_WORK ORDER:_ Print all of the data below exactly as it appears, leaving out every image.

_GIVEN INFORMATION:_
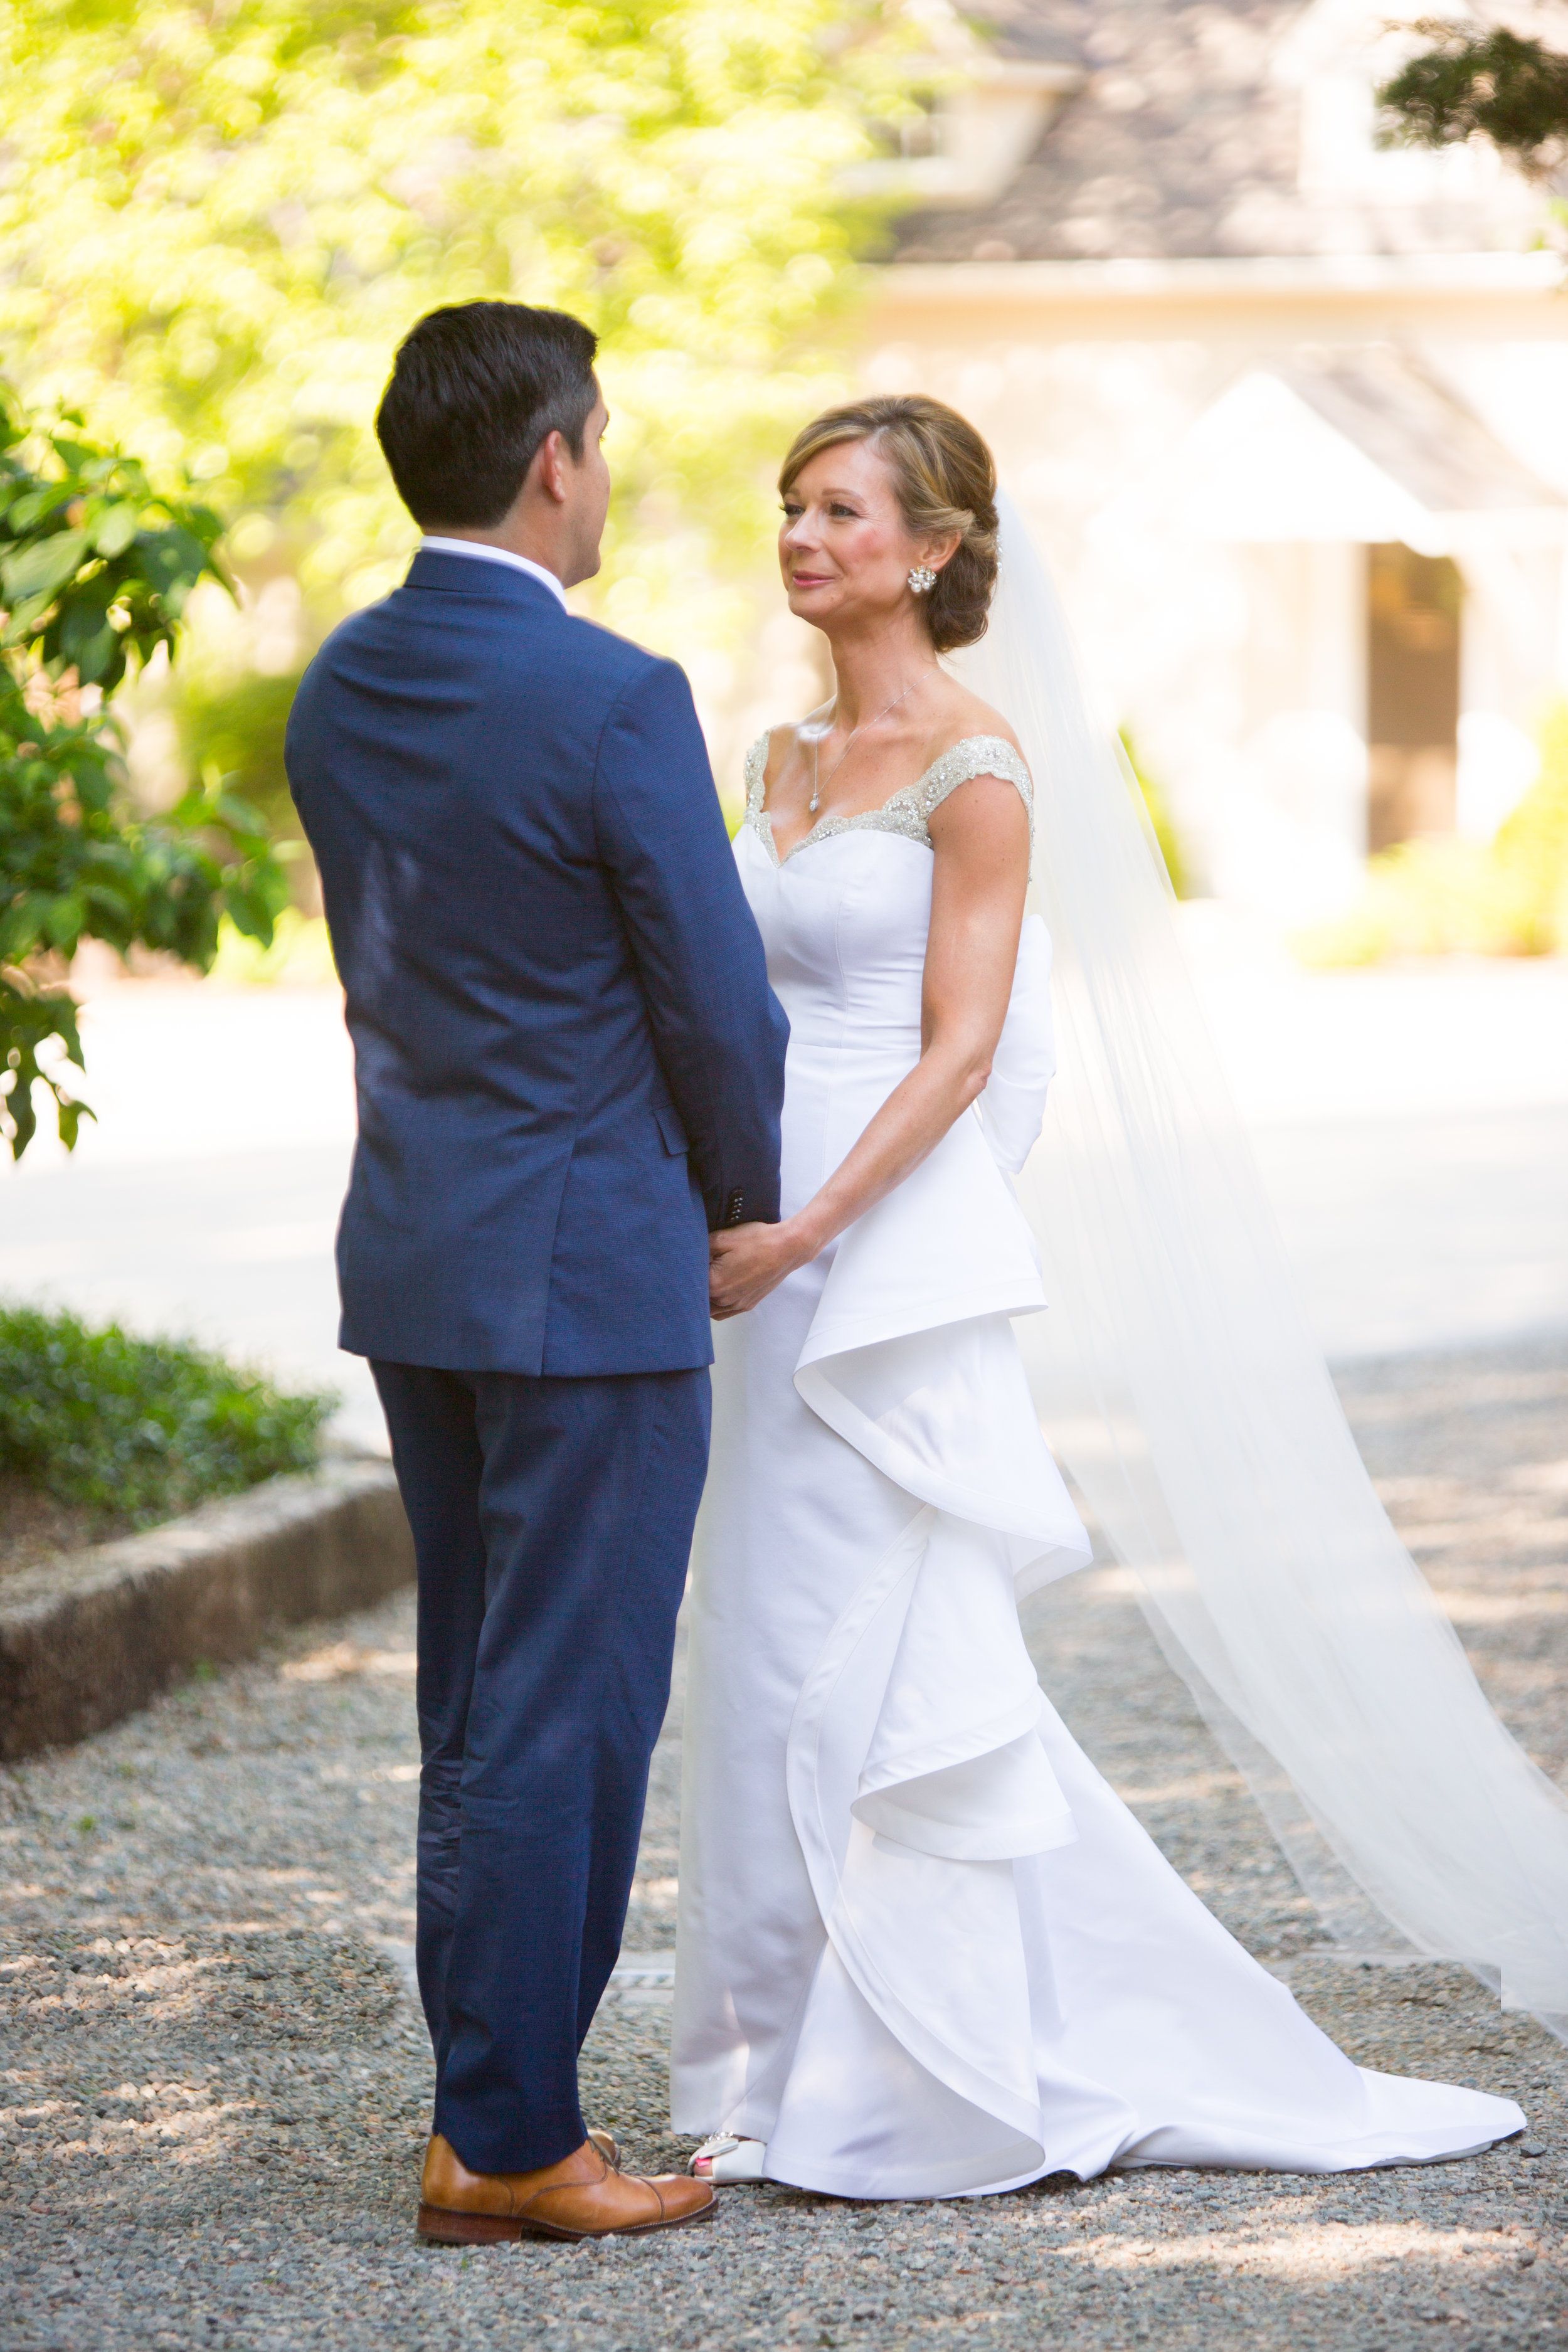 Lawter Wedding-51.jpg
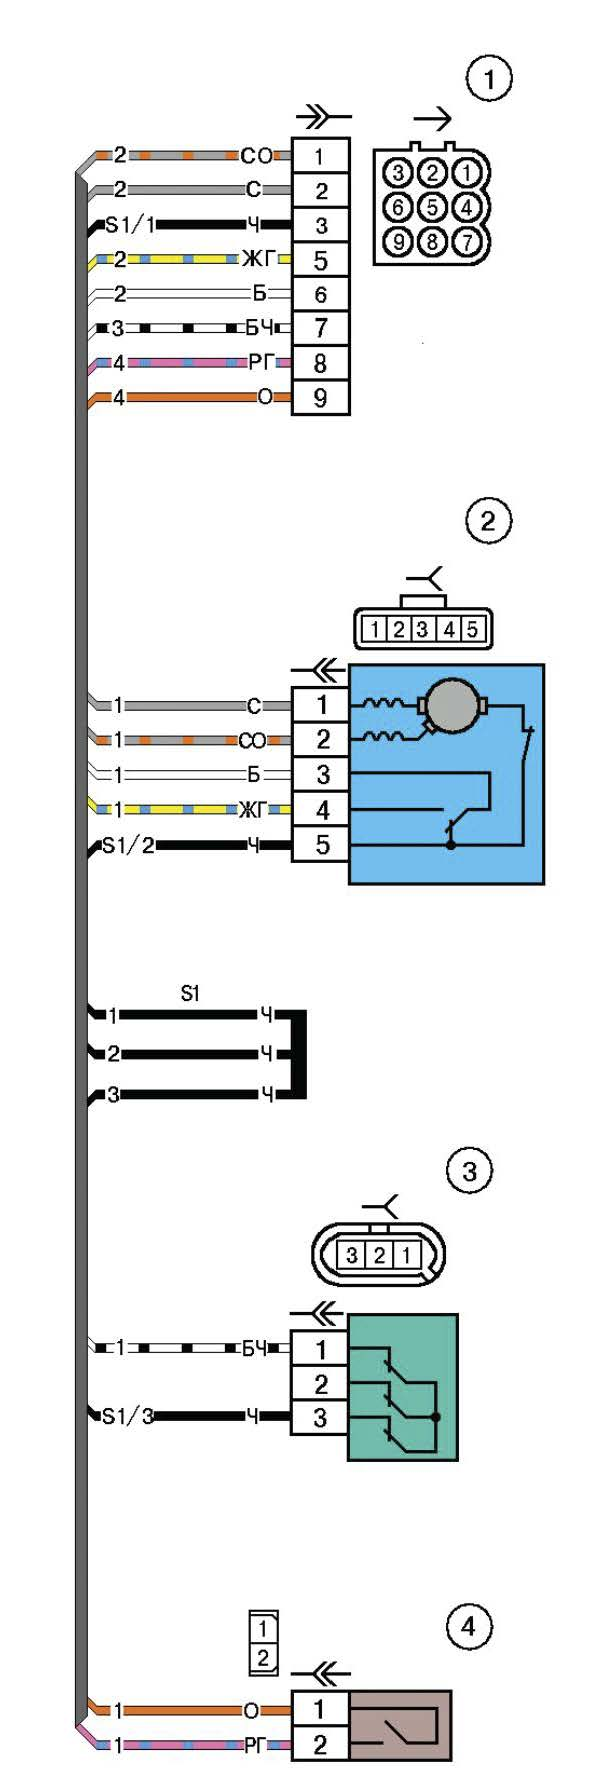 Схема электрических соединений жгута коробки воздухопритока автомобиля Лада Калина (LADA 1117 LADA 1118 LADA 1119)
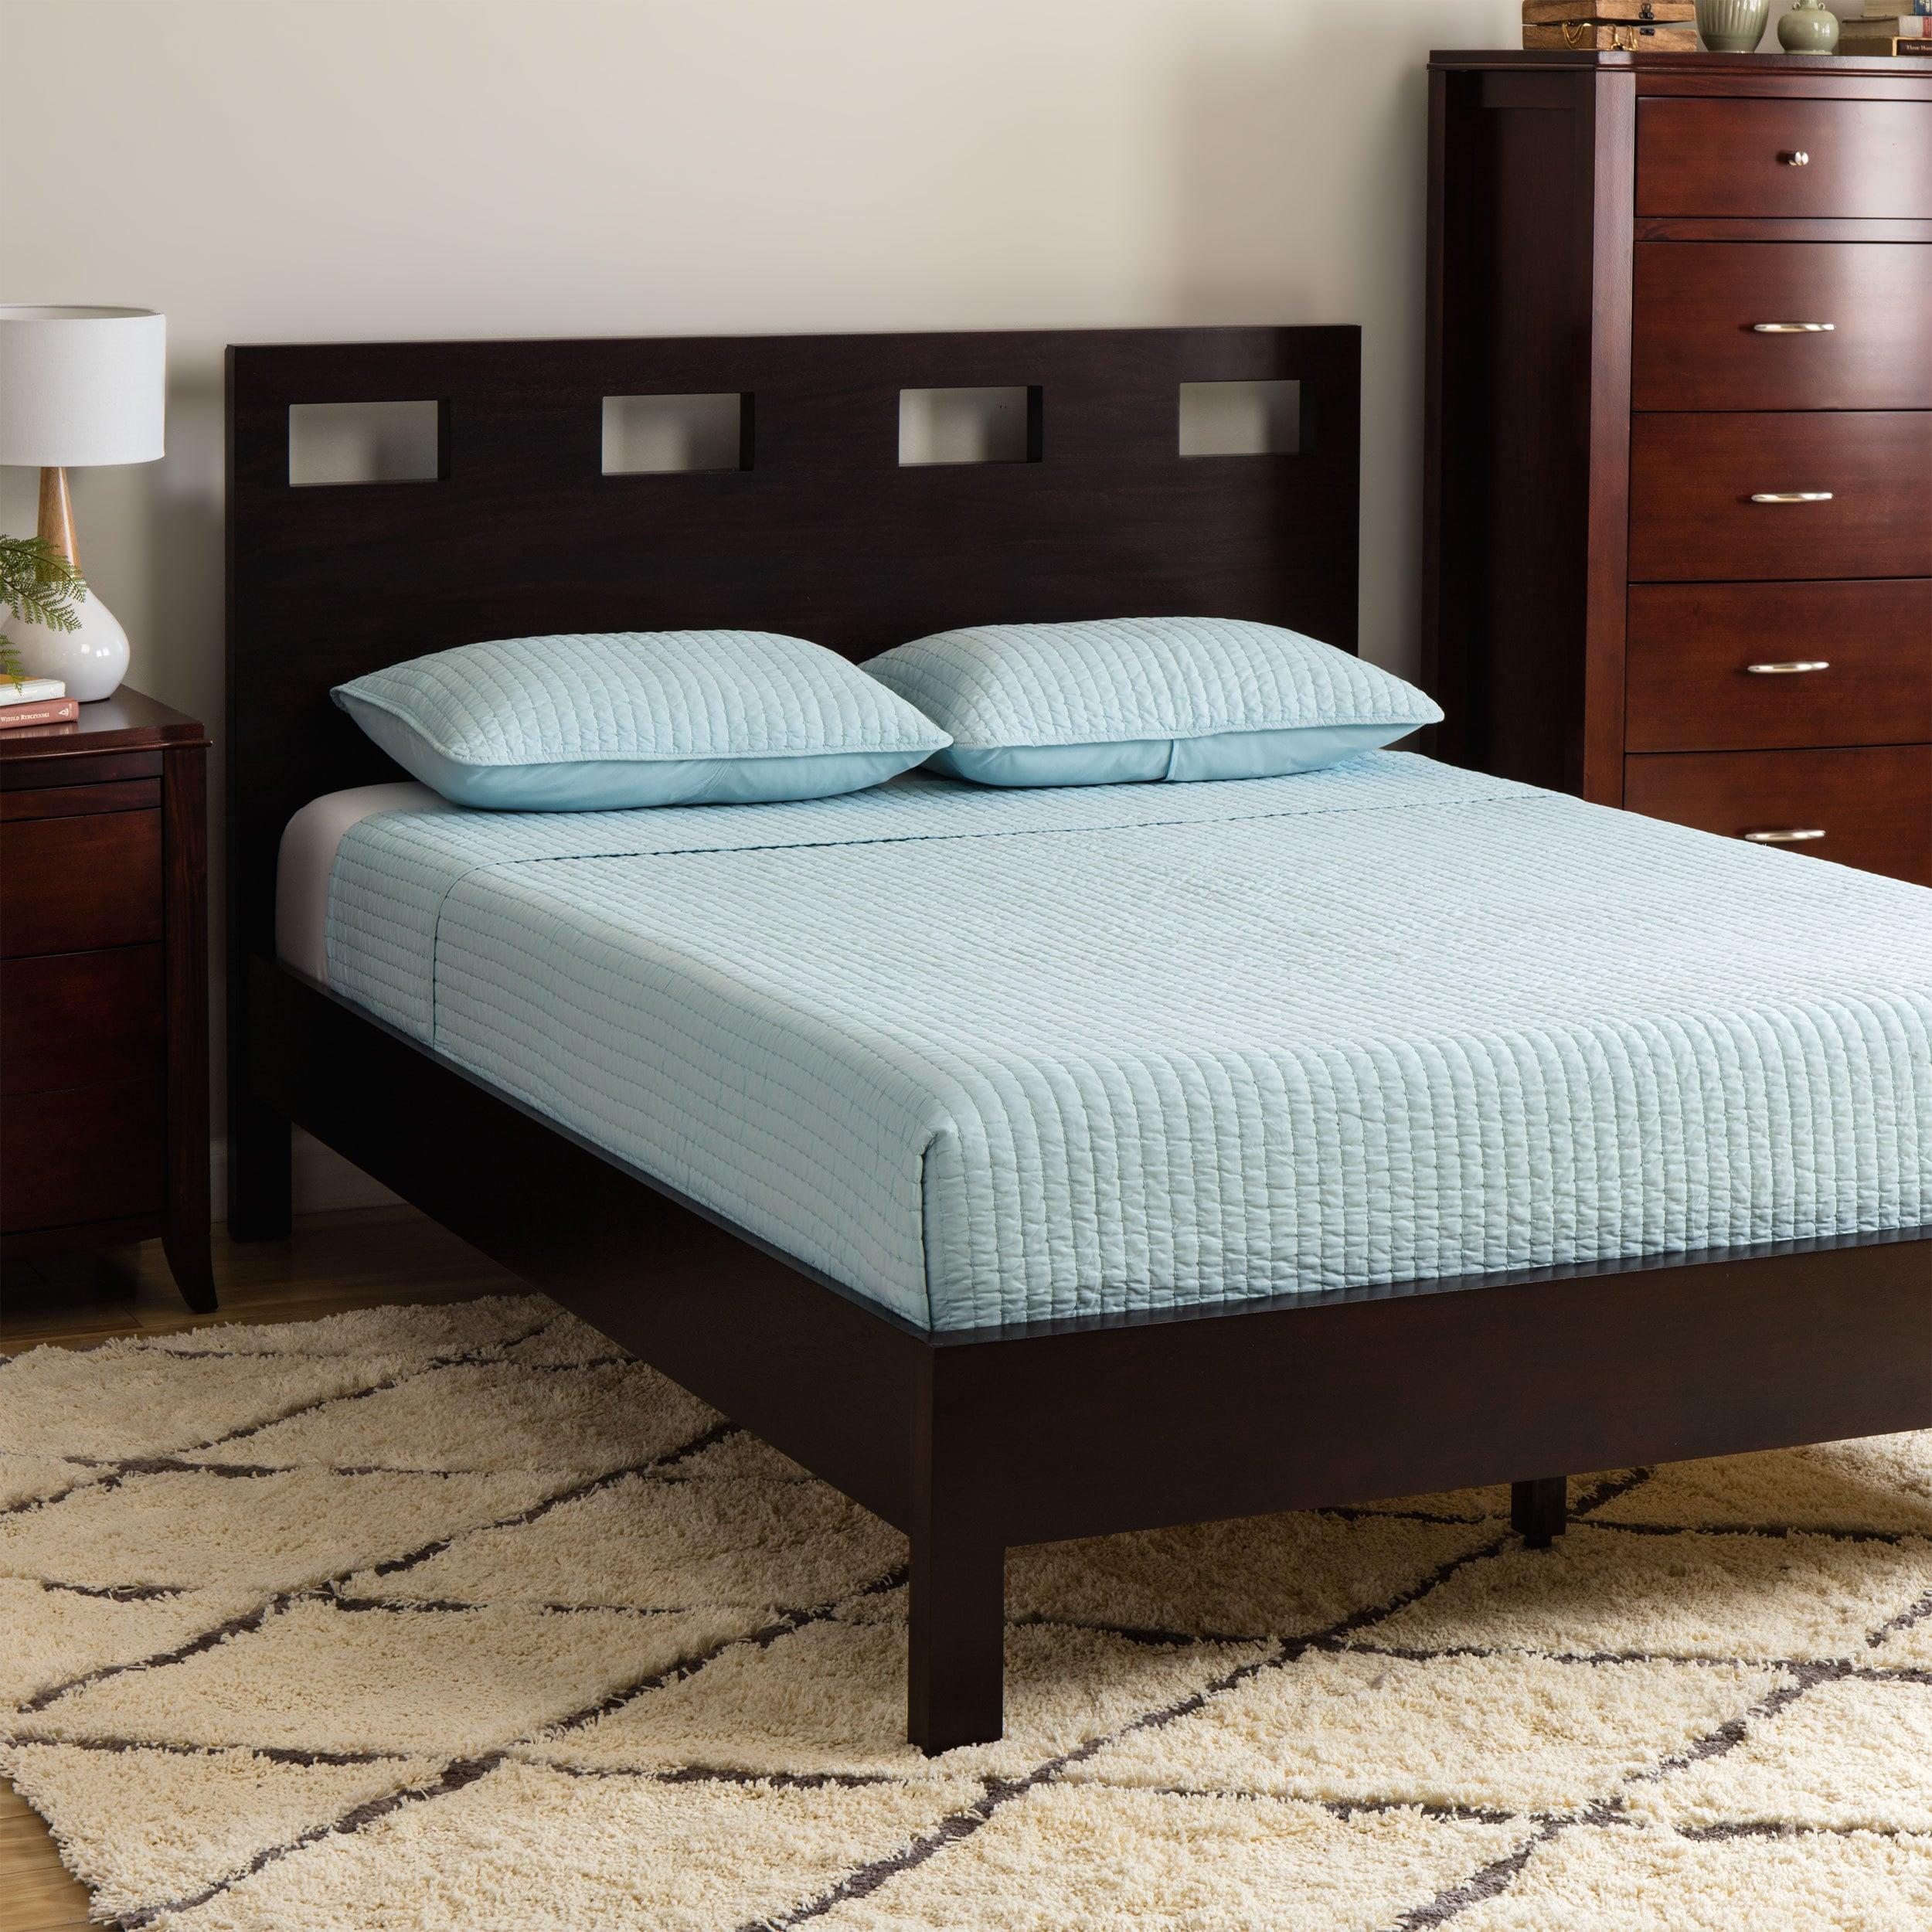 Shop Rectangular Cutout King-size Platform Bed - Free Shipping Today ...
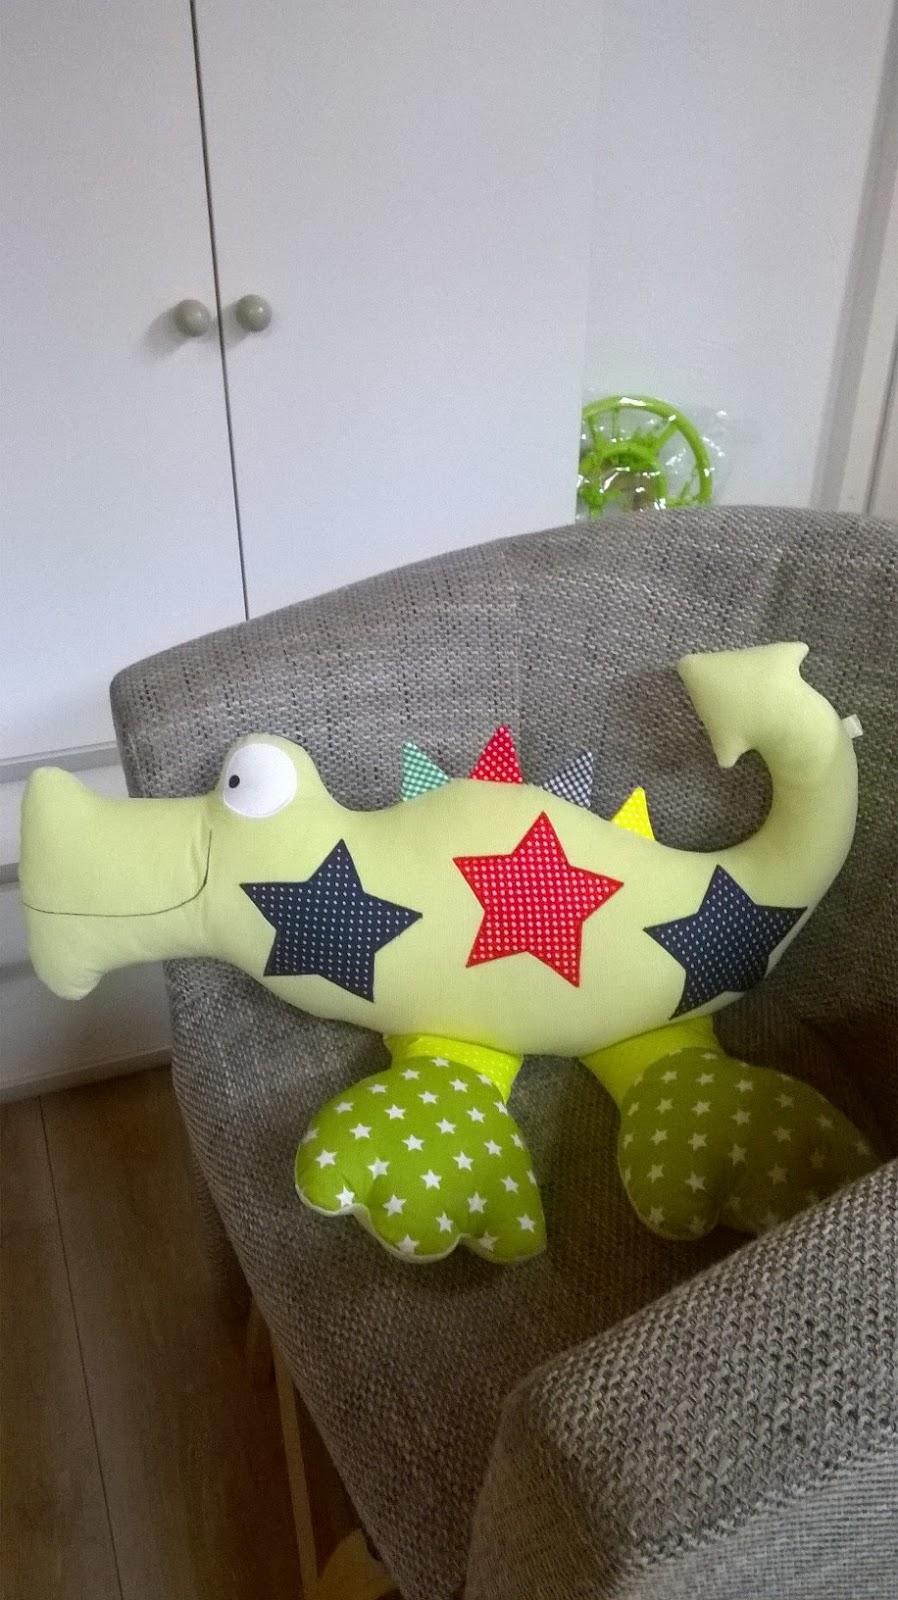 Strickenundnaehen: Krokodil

_TASK ANSWER:_
 Lawter Wedding-51.jpg
 Схема электрических соединений жгута коробки воздухопритока автомобиля Лада Калина (LADA 1117 LADA 1118 LADA 1119)
 Shop Rectangular Cutout King-size Platform Bed - Free Shipping Today ...
 Strickenundnaehen: Krokodil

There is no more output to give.